I recently listened to an interview with Franklin Leonard*, curator of The Black List, a list of the year’s top un-produced screenplays. I was struck by the language that he used and how clearly he described the performativity of the tool as a market device.
In my PhD thesis I argue that the theory of market devices (MDs) (Callon et al 2007) is the most appropriate conceptual framework for understanding the independent film industry (as opposed to, for example, the linear Film Value Chain, or neo-classical rational economic action). In particular, I show that in charting the assemblage and anchoring of Digital Engagement Metrics’ (DEMs) constructive role in the market, the theoretical language is especially useful. This is because the legitimisation and anchoring of DEMs’ role is currently ongoing. It can be traced, and therefore more about the assembly process can be uncovered than were the calculative processes already to have been black boxed. I think this type of research opportunity is something Latour has been pointing to in speeches and articles in the last couple of years, and where most major contributions can be made.
I have taken other key film market devices to be: the finance plan; the sales estimate sheet; and the recoupment chart; as well as DEMs. They are assemblages, or agencements, active combinations of human and material agencies coordinating and co-producing action. Each of these tools exist as calculative frames, bringing multiple parties of the independent industry together in a network for economic transaction. These networks are dynamic, negotiated, and overlapping,by inserting themselves into the market making process of a film they contribute significantly to that construction.. They also interact with, and can be complemented by, other similar tools such as The Black List.
The affordances of digital technology allow more MDs to emerge. Whilst not essential to the functionality of the Black List’s core concept, its dissemination and extrapolation into a larger business in its own right is facilitated by the internet. For an introduction to the basics of what The Black List is and does, please see the links in the opening paragraphs, what I will concentrate on here is its display of market device characteristics.
What I find encouraging about Mr Leonard’s comments is the explicit recognition of a market construction role that The Blacklist plays through its evaluation and valorising capacities. The calculations, operating through a ranking produced by a network of experts and creative materials not only place a value on each screenplay, but also add value to that screenplay by the fact of measurement.
“If you’ve written a great script, eventually it will probably fall into the right hands, but that eventually could be literally decades. I hope that what the Black List does is create a far more efficient marketplace for that material. There’s a distinction for me between causation and correlation, and I think that the correlation between scripts that are on the list and their success every year means there’s more attention to the scripts that are on the list and we’ve created a virtuous cycle, where we have a catalyzing effect, but we’re certainly not getting the movies made.”

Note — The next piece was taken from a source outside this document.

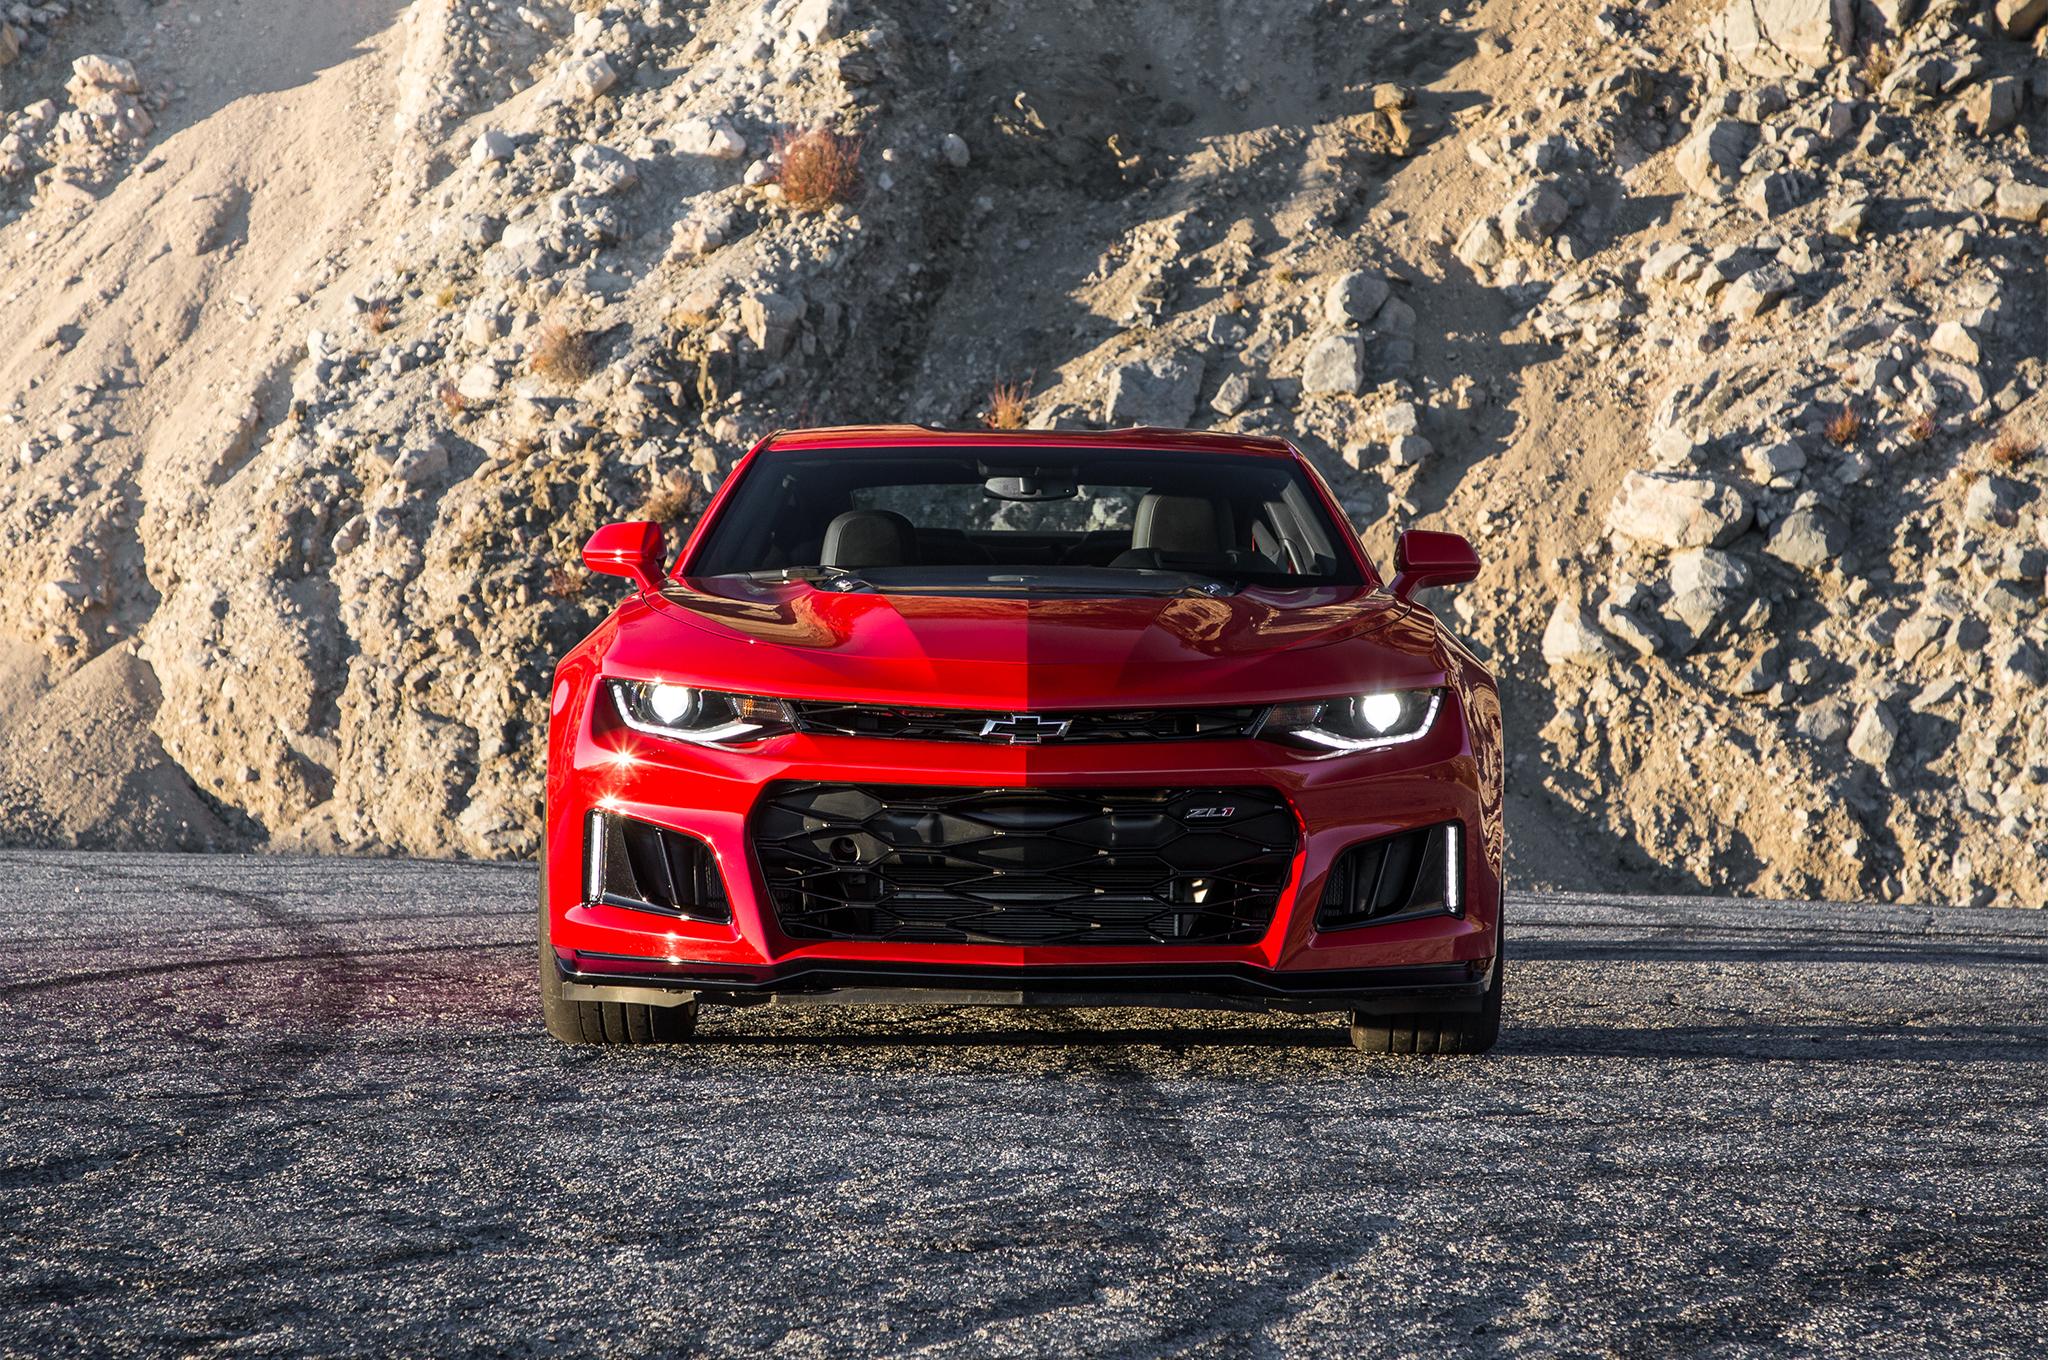 2017 Ford Raptor Hd Wallpaper 2017 Chevrolet Camaro Zl1 Red Wallpaper Hd Wallpaper

The valorising results of the list contribute to its performative effects. The scripts are judged the “most liked” (i.e. they should be produced) by industry professionals. The historical correlation of such valuations with successful films produced from the list (Oscar winners e.g. Argo, Juno etc.) leads to increased attention list scripts in forthcoming years and an assumption that the market is moving to produce more of these films. Thus those deemed most worthy of being produced (via the list) are being materialised in the market. This construction is co-produced not just by the creative material, the online portals, the networks of evaluators but also in their combined interaction with the industry at large which subscribes to belief in such judgements and acts accordingly.
*Excellent Name.
Callon, M., Millo, Y., & Muniesa, F. (2007). Market devices. Blackwell, London.